(DATA PROVIDED)
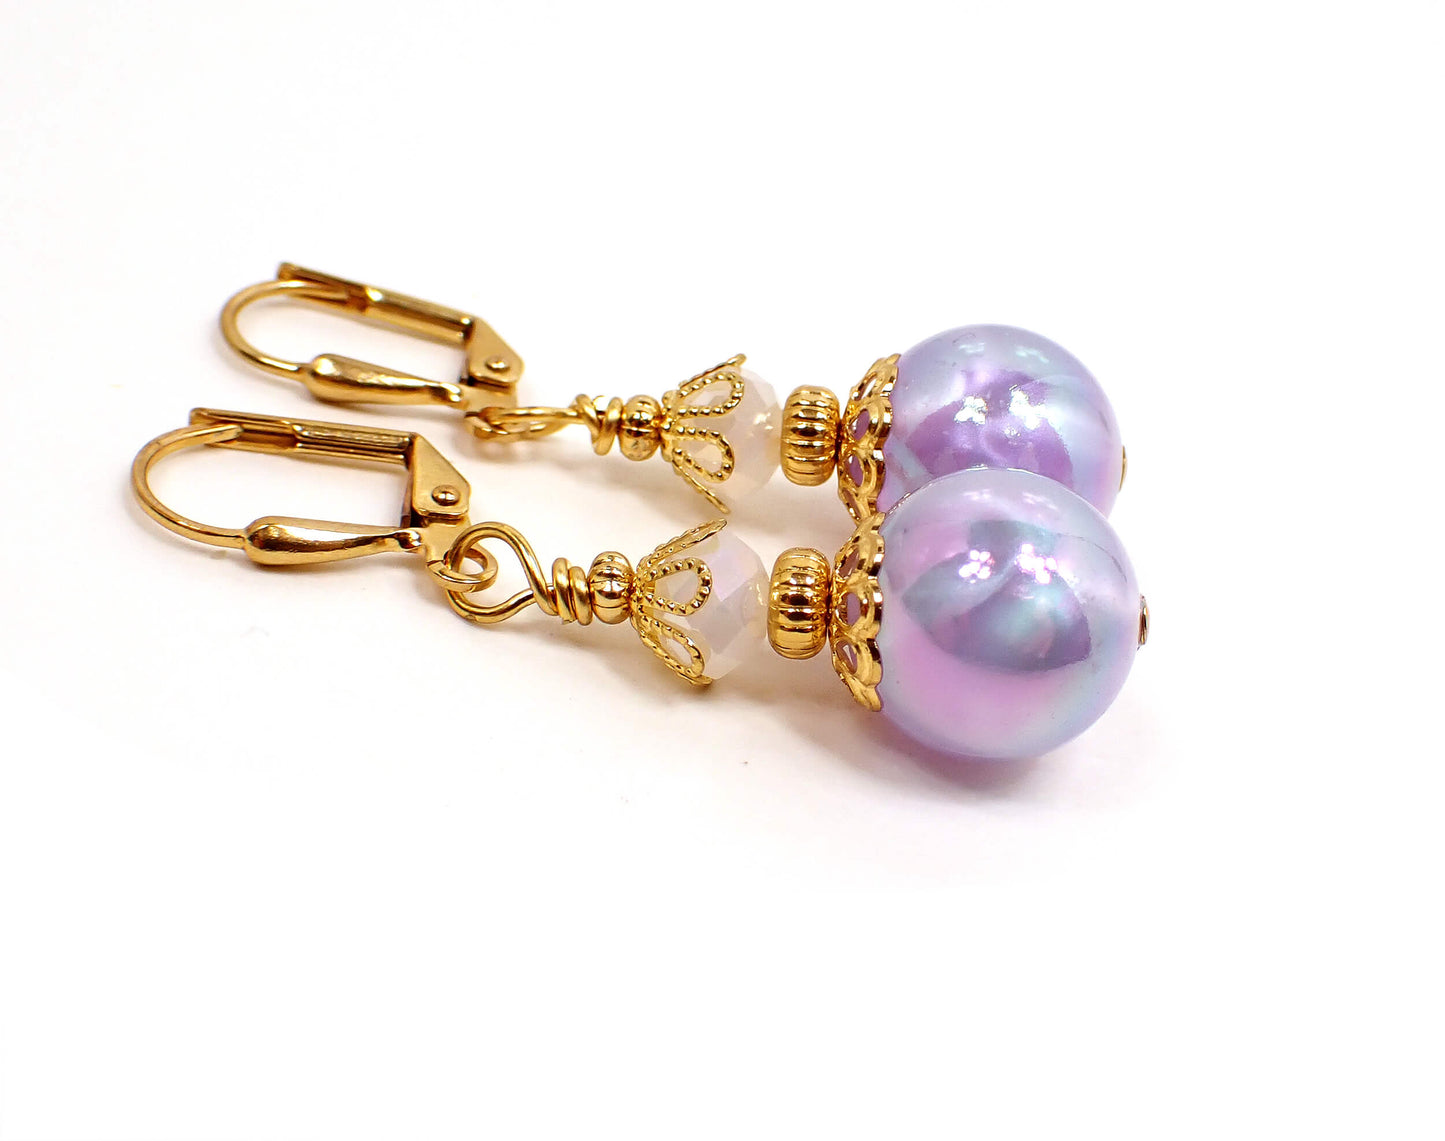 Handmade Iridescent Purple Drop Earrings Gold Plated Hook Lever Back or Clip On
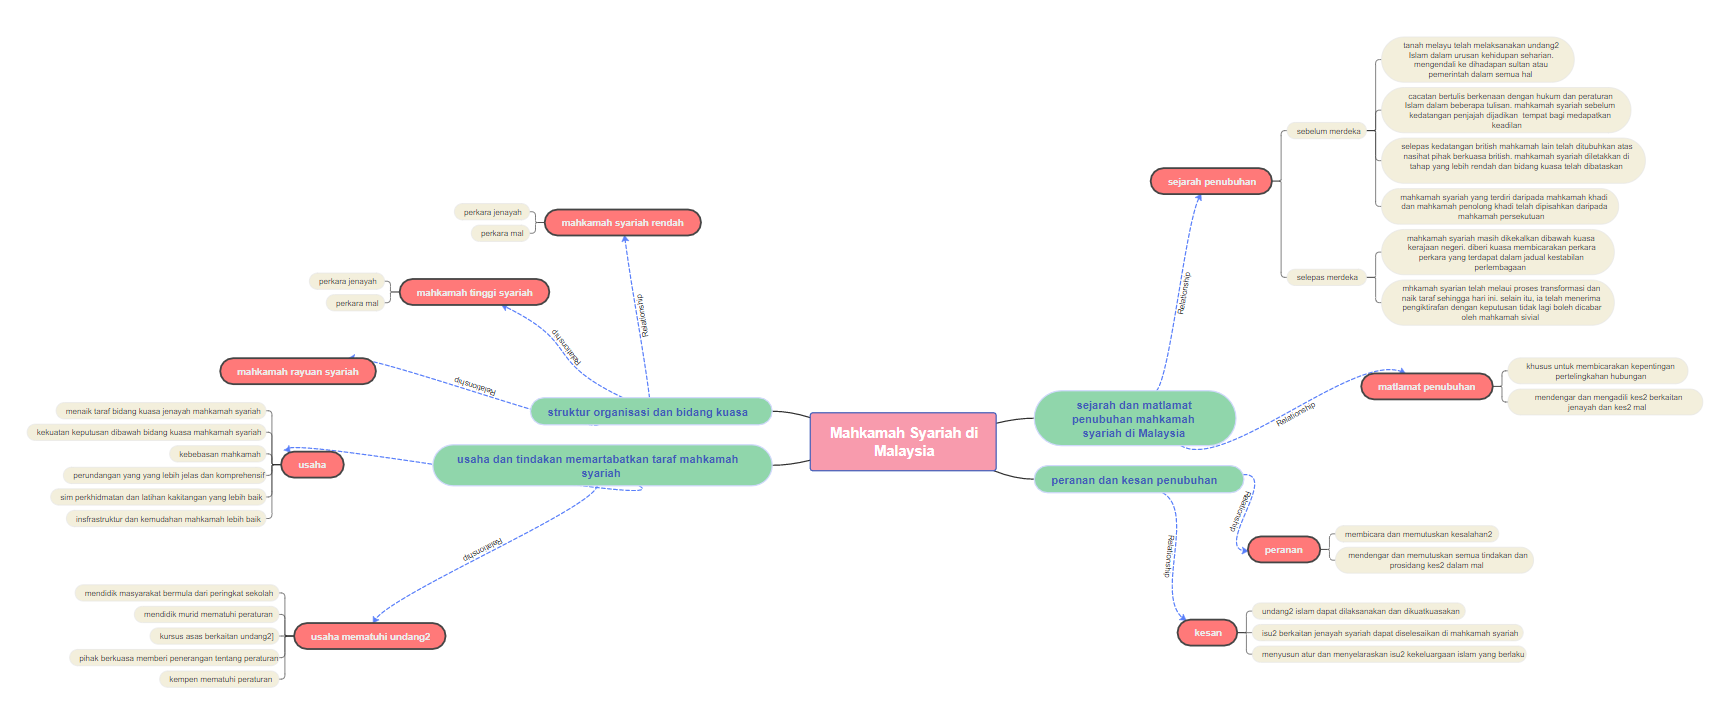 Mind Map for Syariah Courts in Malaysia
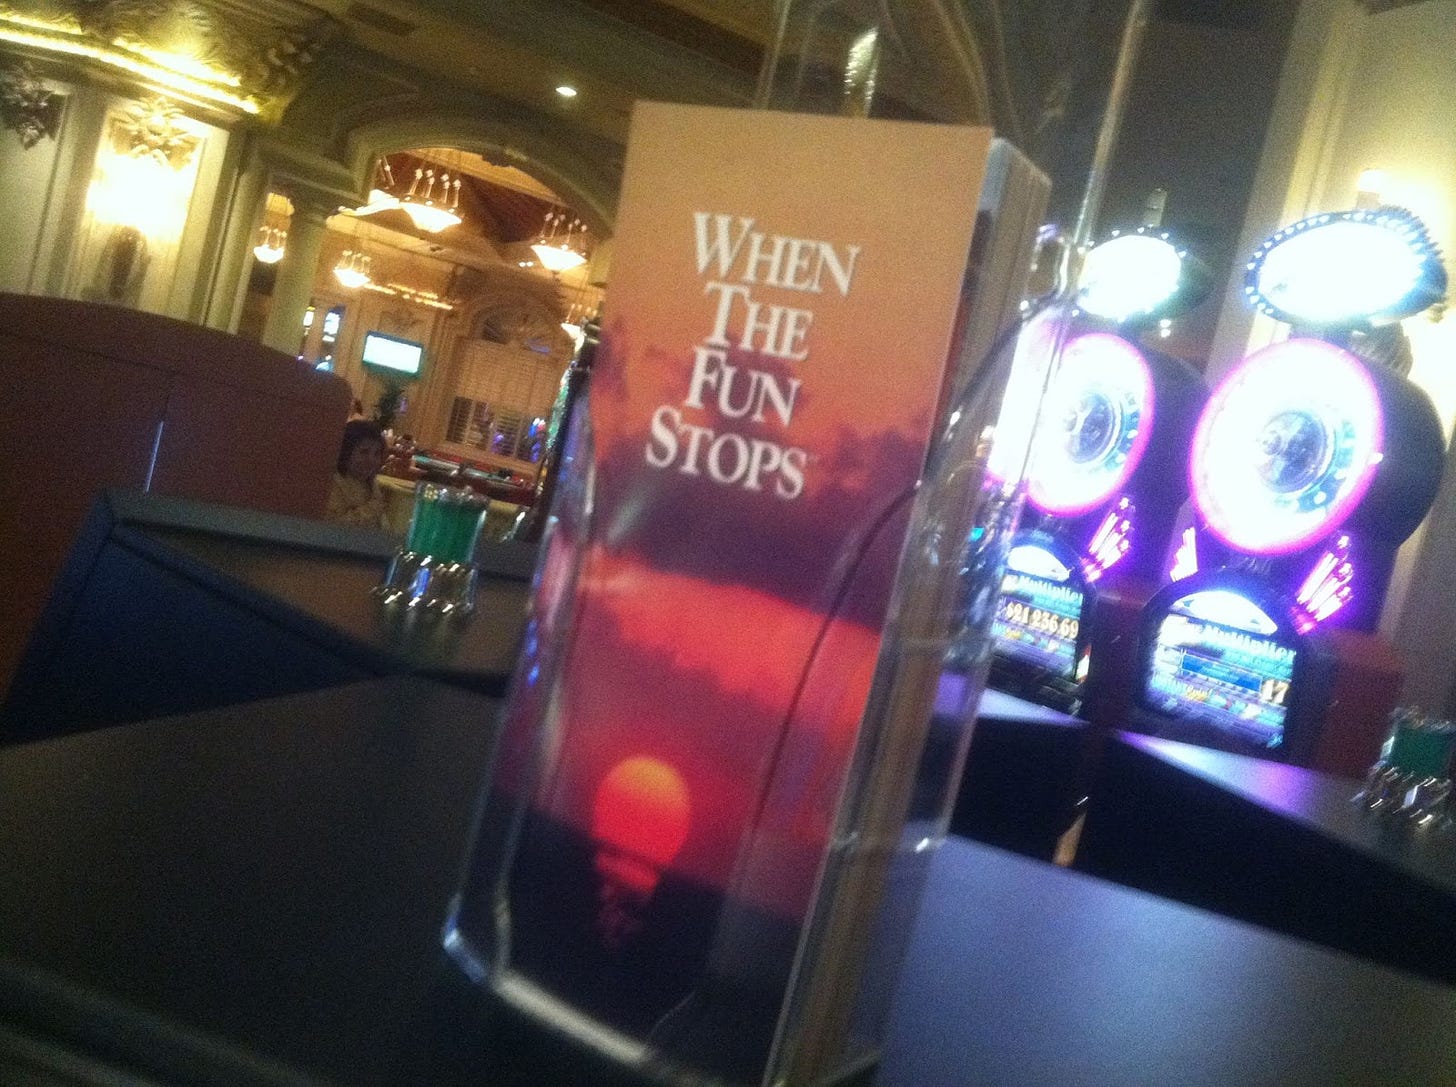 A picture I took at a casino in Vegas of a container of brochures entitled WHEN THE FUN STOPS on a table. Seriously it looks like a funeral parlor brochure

(TASK DETAILS)
Pick up at the line containing "Mind Map for Syariah Courts in Malaysia" and copy each line exactly until the data ends, including that last line; copy no pictures.

(SOLVED PROBLEM)
 Mind Map for Syariah Courts in Malaysia
 A picture I took at a casino in Vegas of a container of brochures entitled WHEN THE FUN STOPS on a table. Seriously it looks like a funeral parlor brochure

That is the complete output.